The most important thing to realize about data suppliers is that the name of the data sources must correspond to the inputs and, for training and testing, the outputs of the model. For example, MNIST has an explicit images and labels keys, corresponding to the model containers from the example. CIFAR has implicit images and labels keys that it creates internally. Similarly, if you create a Python pickle, then the keys in the pickled dictionary must correspond to the names of the input and output containers in the model.


Imagine that you want to train on a given data set, but want to understand how validation loss varies across multiple, independent data sets. In this case, you can pass a dictionary to validate and test:

validate: # or test
      - SUPPLIER_1:
         # ...
      - SUPPLIER_2:
         # ...
      # ...
      # ...

You can call DATASET_ anything you want. These are simply labels for each validation/testing set you want. Note that you do not need to use this syntax if you want to use traditional, single-validation paradigm; this is simply an additional syntax that Kur supports. You can still “stack” multiple data suppliers into each DATASET_. .. _package_specification:

All validation statistics will be saved separately for each DATASET_ entry. Kur also calculates an average/global/overall loss as well (as if you had combined all validation sets). All plots (as from the plot hook) will include all validation datasets.

The same provider is used for all multi-validation datasets. No need to defined multiple provider blocks. So if you use provider: {num_batches: 10}, you will get 10 batches from each validation dataset. If you use train: {checkpoint: {validation: 10}}, then you will get 10 batches from each validation dataset during checkpointing.

Standard Packaging

Many of the data suppliers accept a standard set of parameters to make things convenient for you. These parameters are: url, checksum, and path, and are interpreted like this:

  • If path is given but url is not, then Kur will use a local file or directory (whether or not directories are allowed depends on the data supplier). If checksum is given, Kur will check that the file’s SHA-256 hash matches.
  • If url is given but path is not, then Kur will download the URL to the system’s temporary directory.
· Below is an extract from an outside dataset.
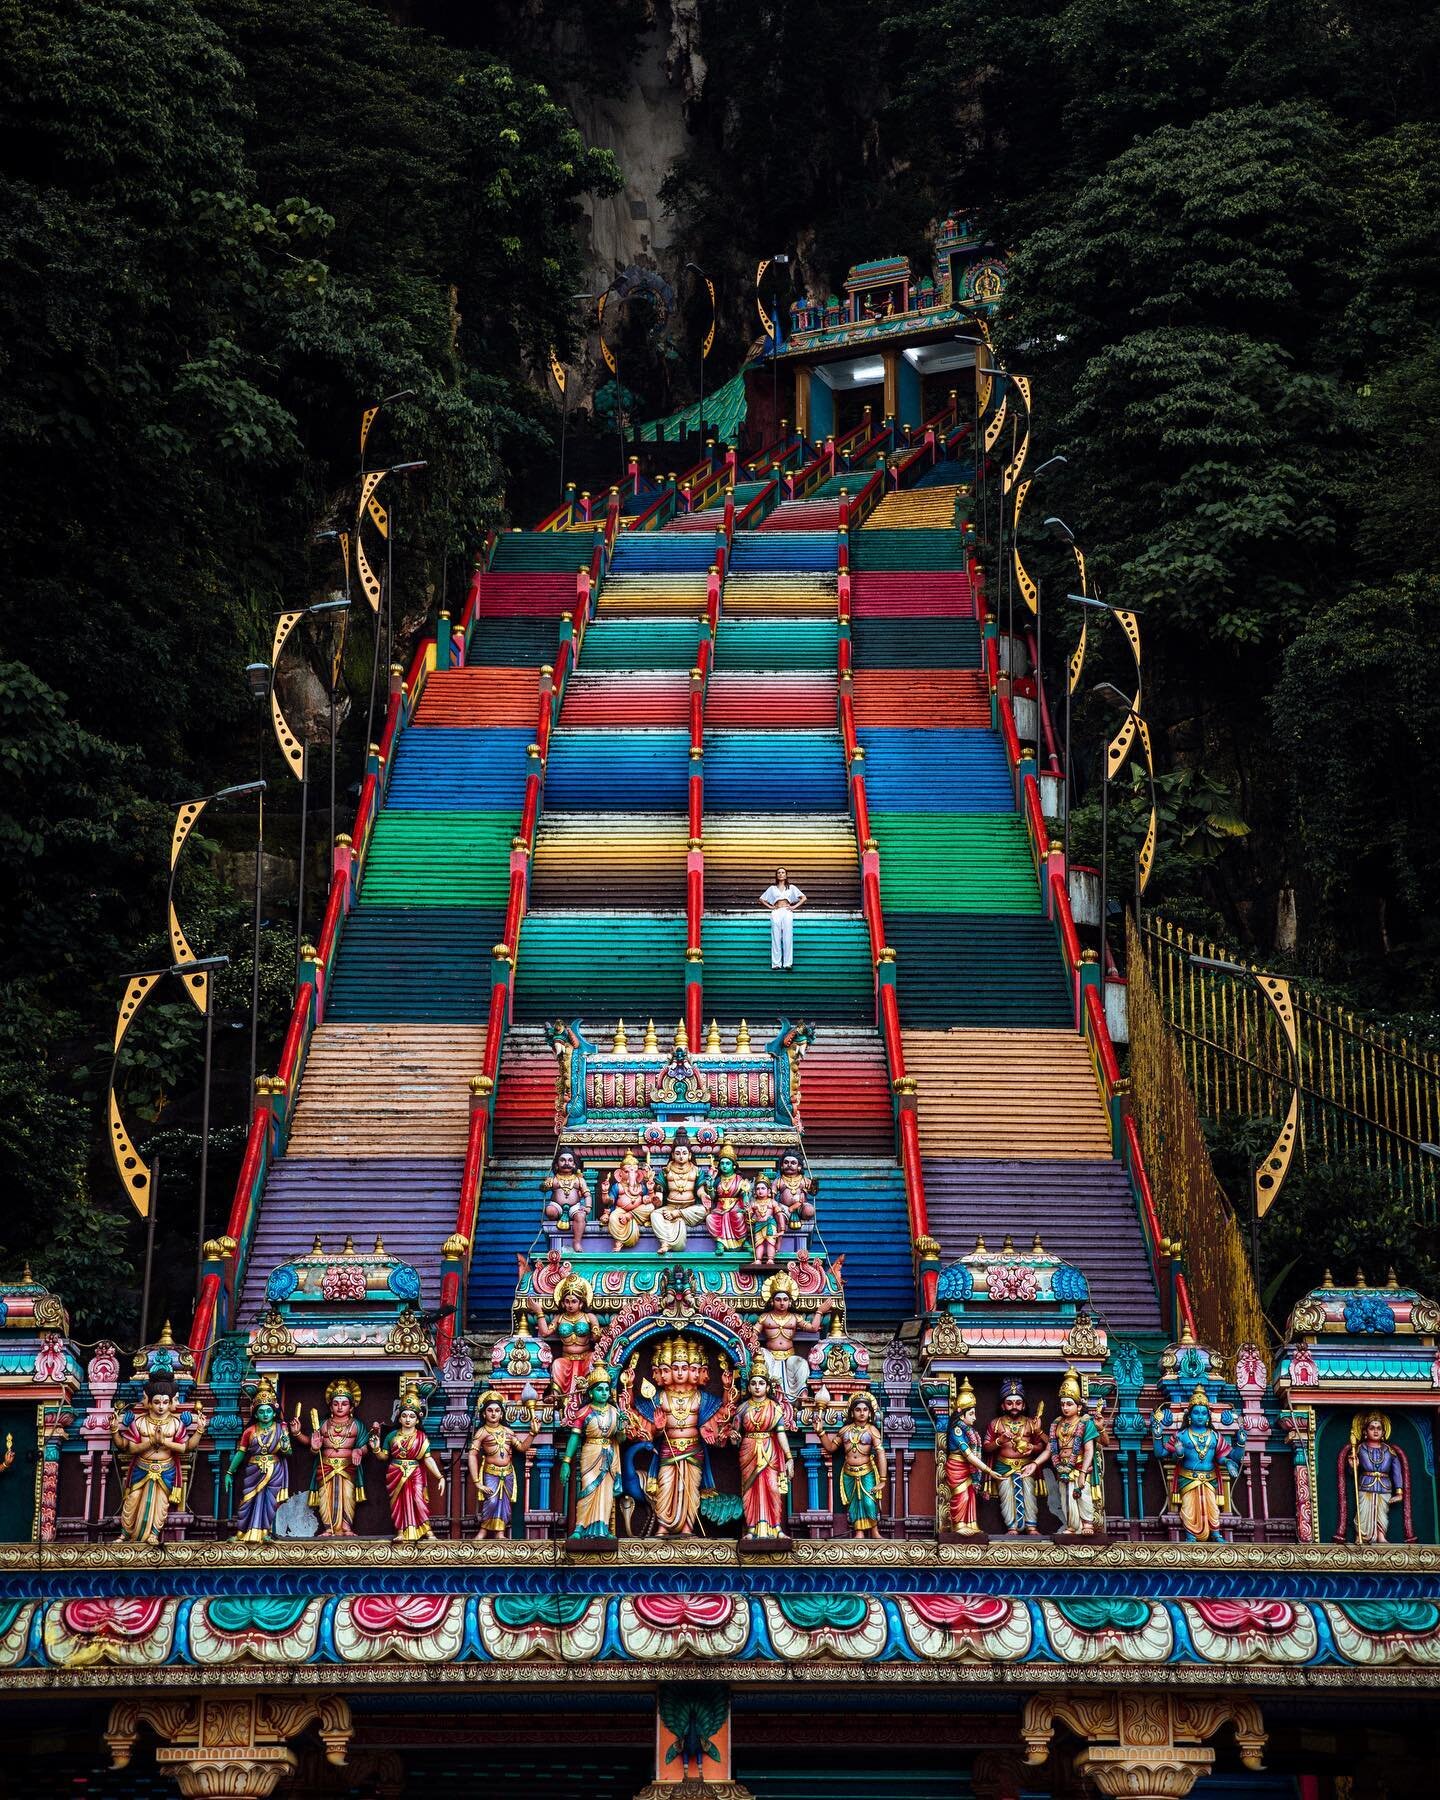 Life&rsquo;s better with a bit of colour 🌈 Got up early on my last morning in KL and headed out to the Batu Caves, a place that I&rsquo;ve wanted to visit for years! To get this shot, I set my camera and tripod up by the entrance and used the built-
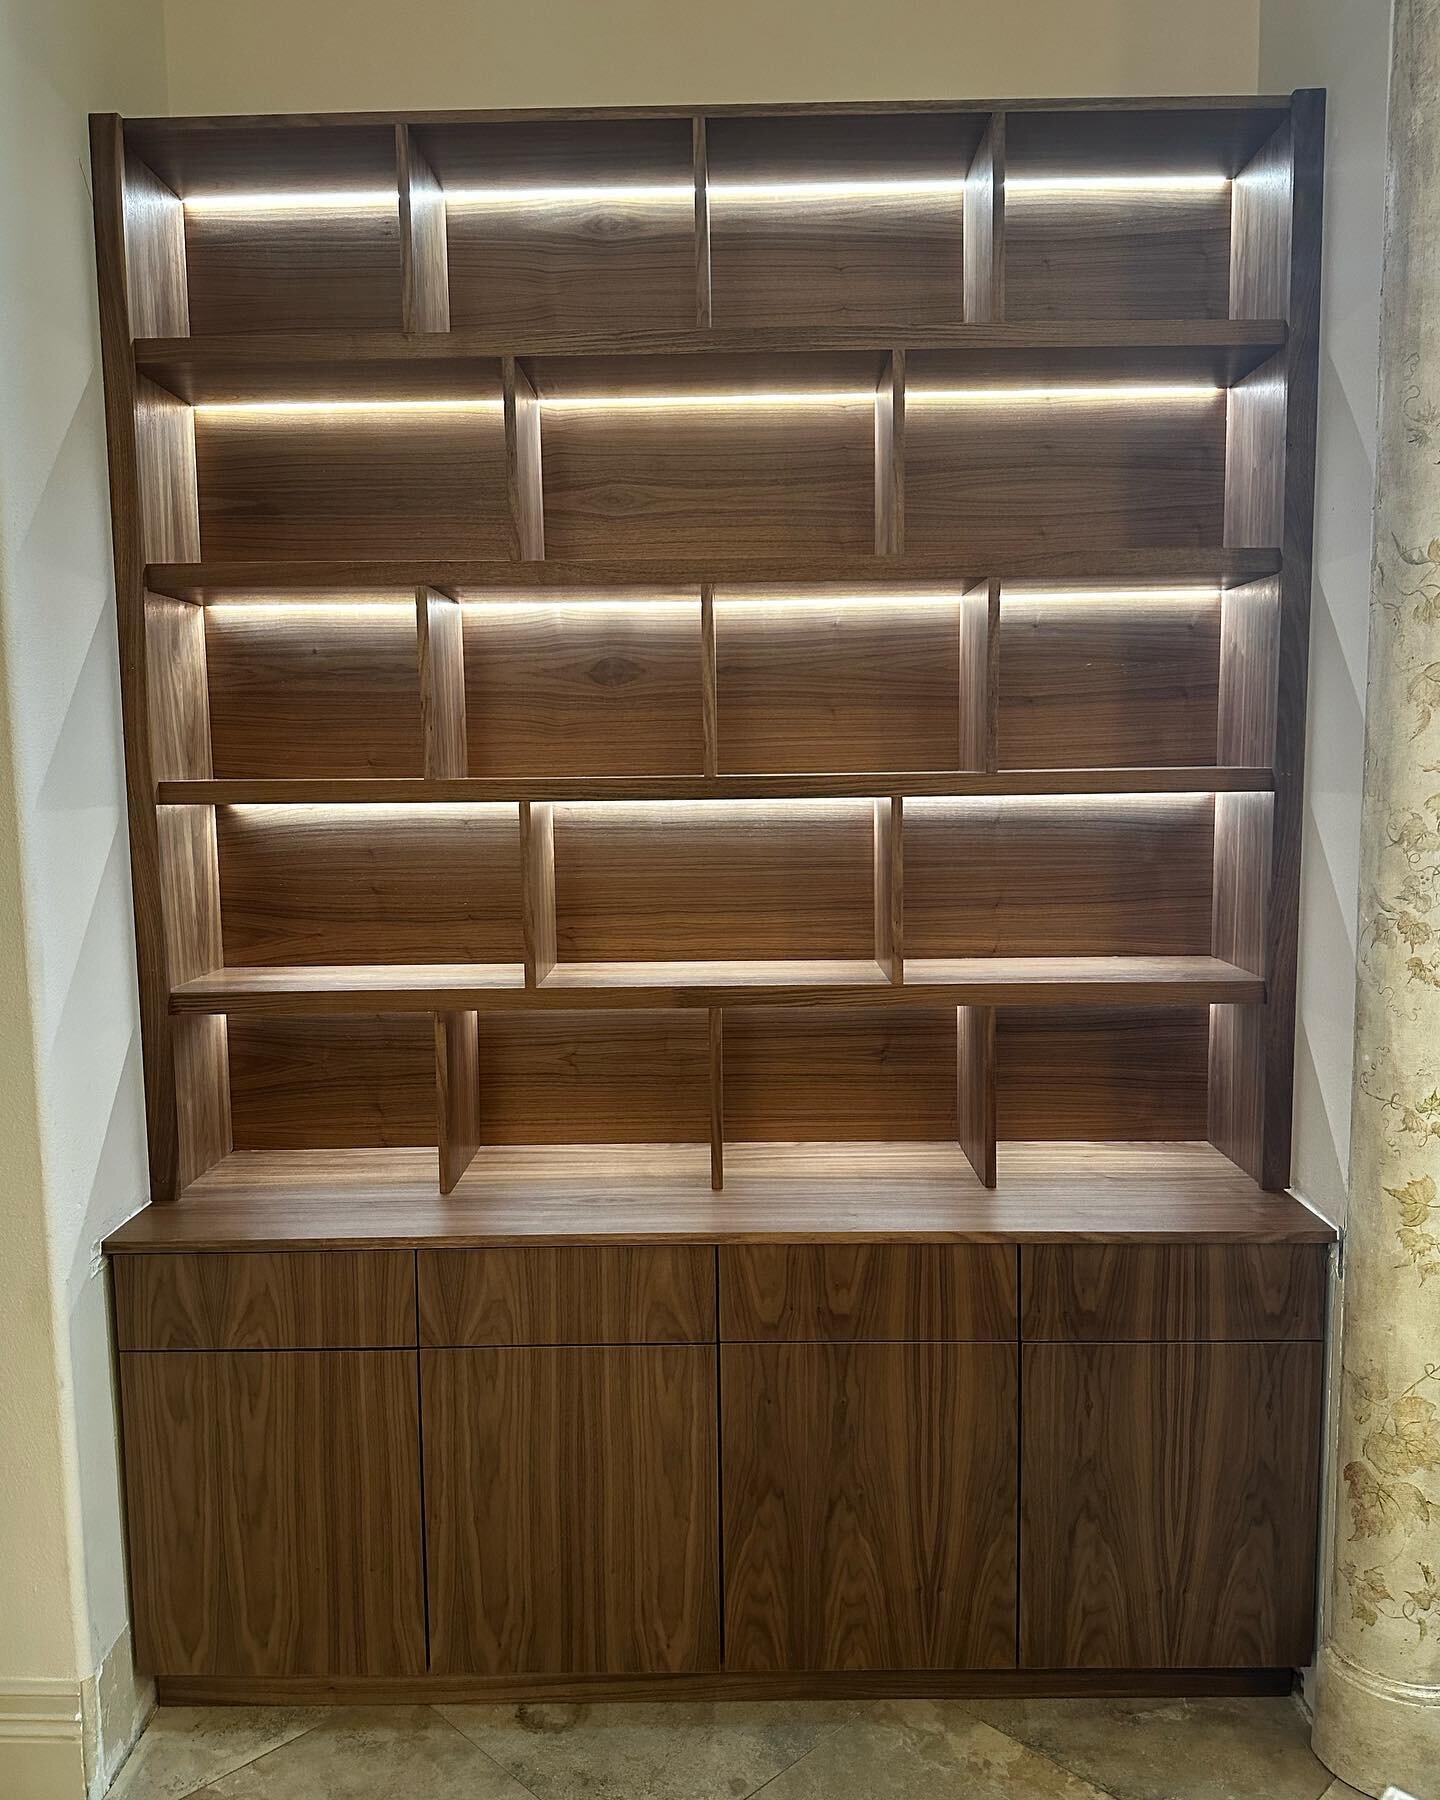 We&rsquo;re liking how this walnut built-in came out. Integrated LED lights on a dimmer, soft-close drawers with dovetailed Baltic Birch drawer boxes and lots of other little features that kept this project assembly and installation as painless as po

If checksum is specified, Kur will check that the file’s SHA-256 hash matches.
  • If both url and path are specified, then Kur will only download the file if it doesn’t already exist at path (path can be a file or directory) or if its checksum fails (if specified).


Data can come from many different places, at different rates, with different latencies, etc. Sometimes it is all present at once and fits nicely in memory. But that’s not always the case. Kur helps you handle these different situations with its data providers (not to be confused with data suppliers). Providers are responsible for handing data to the model during training or evaluation in nice, organized batches, and possibly shuffling the data between epochs.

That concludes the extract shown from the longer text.